Doctor Who: Joy to the World review – a warm, moving Christmas special for the ages
Yesterday at 01:10 PM
Nicola Coughlan and Ncuti Gatwa's comic timing is impeccable, but it's the touching way this festive episode grapples with yuletide isolation that makes it a classic
There are so many things to love about Christmas: twinkly lights, desserts to set on fire and, of course, Doctor Who specials. But while I am in cheerful mood, wearing a Christmas jumper and having followed breakfast with advent-calendar chocolates, I am aware that for many people this is the loneliest time of year. So it is for Joy (Nicola Coughlan), the new addition to the Doctor Who family, whom we meet checking into a spartan hotel room by herself for a week over the festive period. Fortunately, she is about to make a new friend in the form of the Doctor, who enters her room in pursuit of a green-skinned alien from the future, grinning from ear to ear as he offers her "a cheese toastie and a pumpkin latte".

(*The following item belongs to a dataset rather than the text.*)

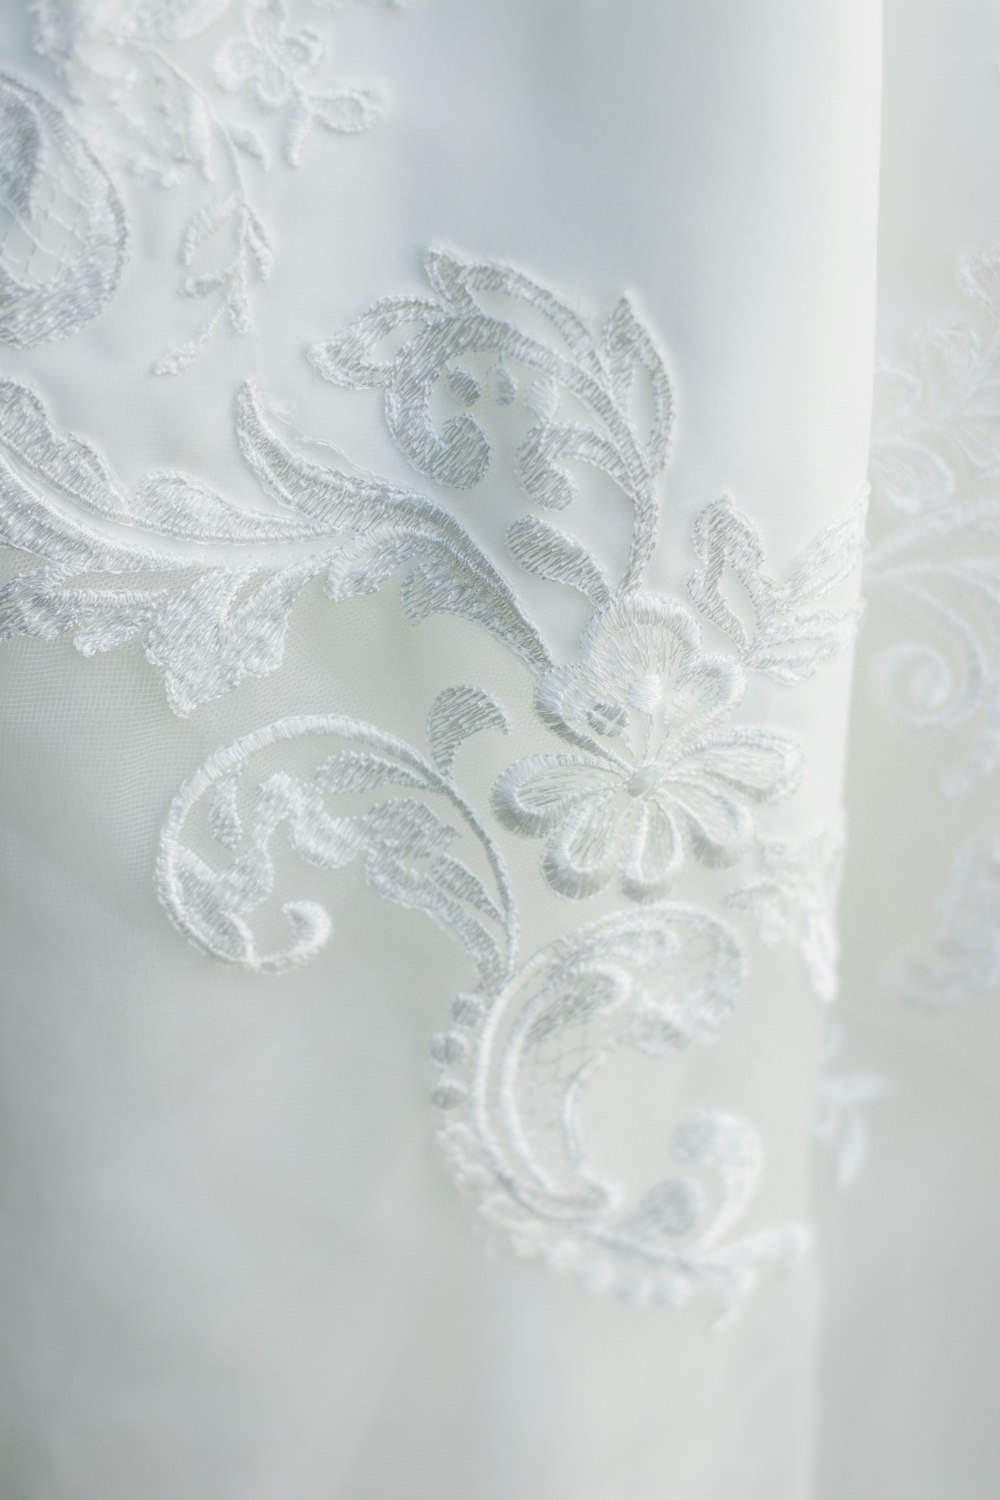 a close up of a white wedding dress
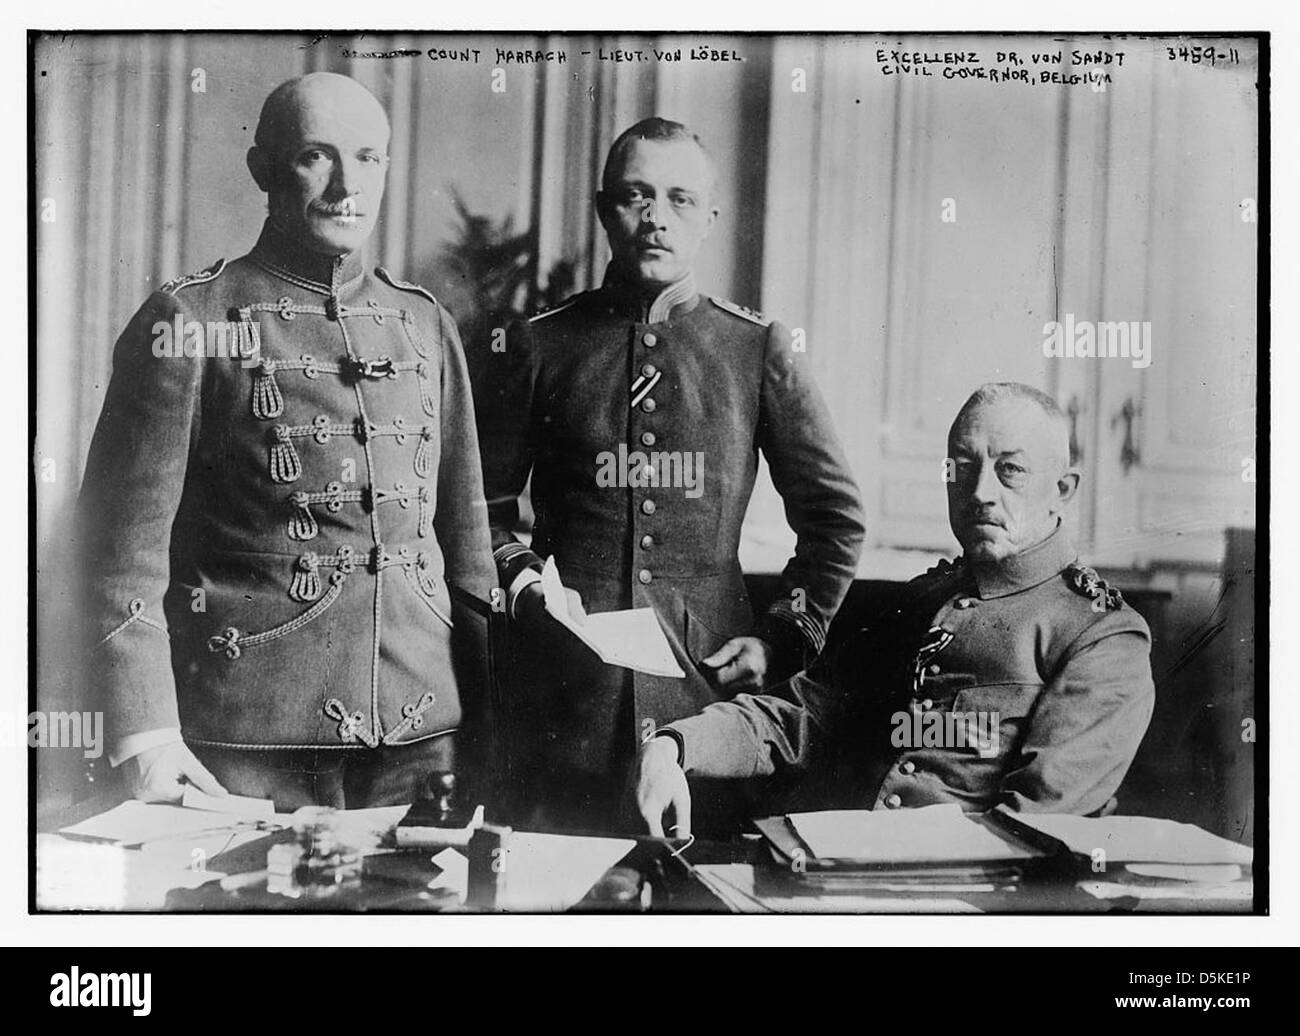 Count Harrach -- Lt. Von Lobel -- Excellenz Dr. Von Sandt, Civil Governor Belgium (LOC) Stock Photo

While Ncuti Gatwa's first Christmas special, The Church on Ruby Road, was a delightful proper introduction to the show's radiant new star (previously, he had briefly appeared in The Giggle, starring David Tennant), the stakes on that outing were markedly lower. In Joy to the World, rather than being tasked with rescuing a baby from pop-singing goblins, the Doctor is trying to prevent the end of planet Earth – though explaining what he is saving it from would enter serious spoiler territory. Suffice to say that most of the action takes place over the festive season in London in 4202, where residents of a glitzy hotel can visit key moments in history, chasing up their mulled wine with a trip on the Orient Express in 1926, or to Everest's base camp in 1953 or, for some bizarre reason, the London blitz. Joy's present-day Christmas interruption escalates quickly and the only way to buy the pair enough time to stop the apocalypse leaves the Doctor trapped in London for a year while Joy is in 4202 with his future self.